Once in a city blocked and filled, I saw
the light lie in the deep chasm of a street,
palpable and blue, as though it had drifted in
from say, the sea, a purity of space. 


William Bronk is a good companion poet to read along with Wallace Stevens, as both concerned themselves with our ideas of a world unspoiled by skewed perception. Both were poets you could imagine walking among their gardens and cities of perfect forms, the ideal types and not the inferior, material imitations, chancing some thoughts beyond the gravity of the actual planet.

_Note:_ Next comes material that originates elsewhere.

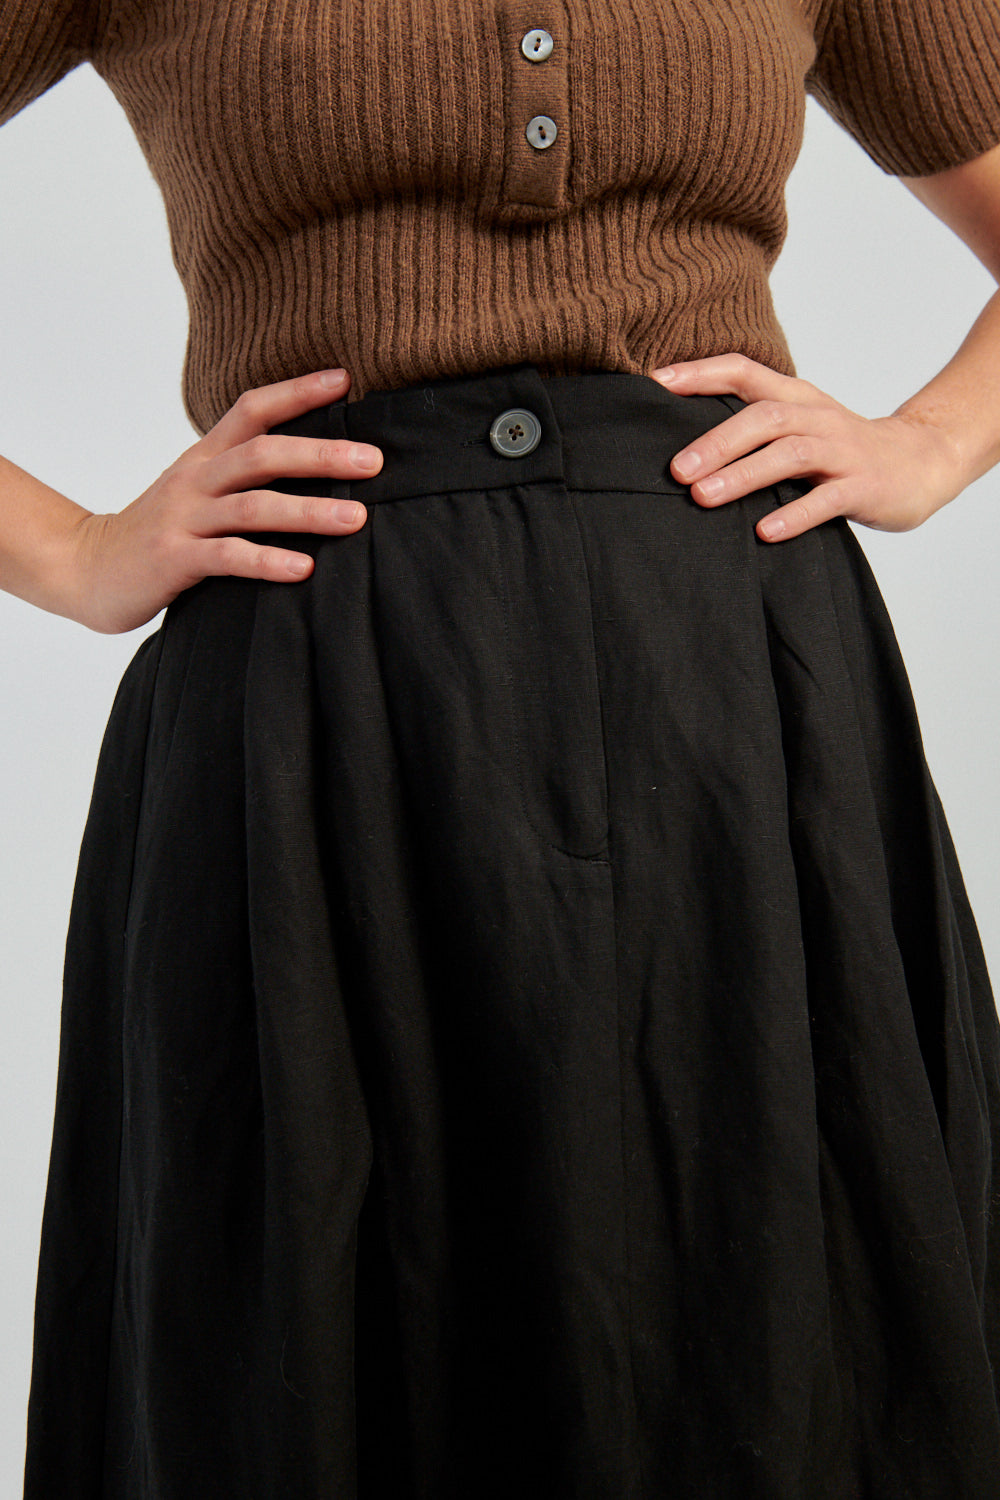 Mara Hoffman Tulay Skirt black-Mara Hoffman long black skirt-Idun-St. Paul
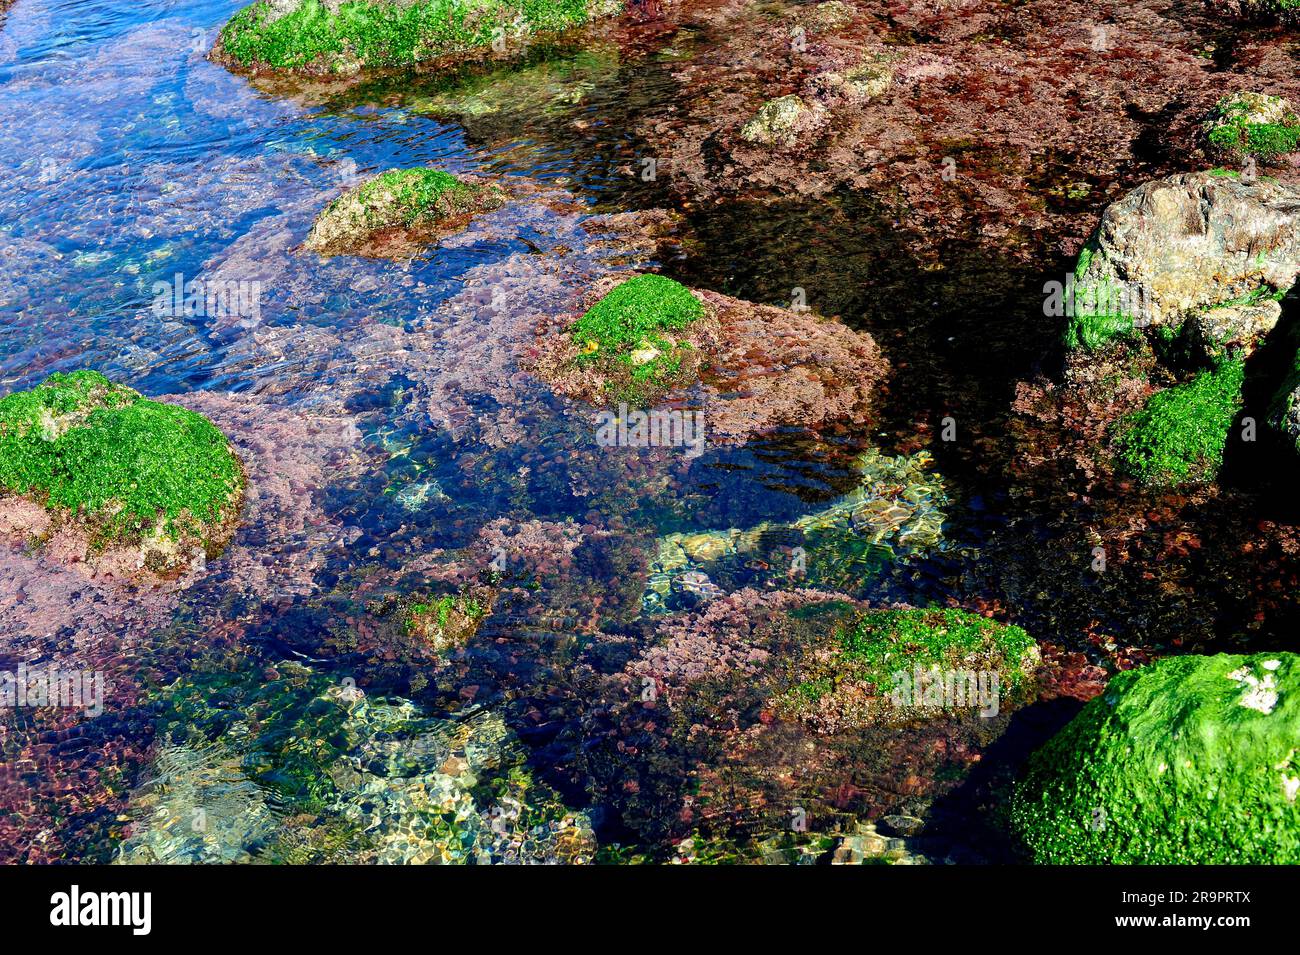 Alghe marine nella costa rocciosa con lattuga di mare (Ulva lactuca) e Corallina elongata. Costa Brava, Girona, Catalogna, Spagna. Foto Stock

Helen Vendler asserts in her review of new "Selected Poems" that Stevens disguised his true hurts and sorrows with symbolism, merging his high, English inspired cadences with a Yankee's habit of plain speak. His was a seamlessly expressed struggle between the ideal relationships among things or the ideas of things finding harmony among their distinct qualities, and the tense world he must return to. He was a vice president of an insurance company, after all, an institution designed to protect and amend the quirky happenstance between gravity and clumsy people.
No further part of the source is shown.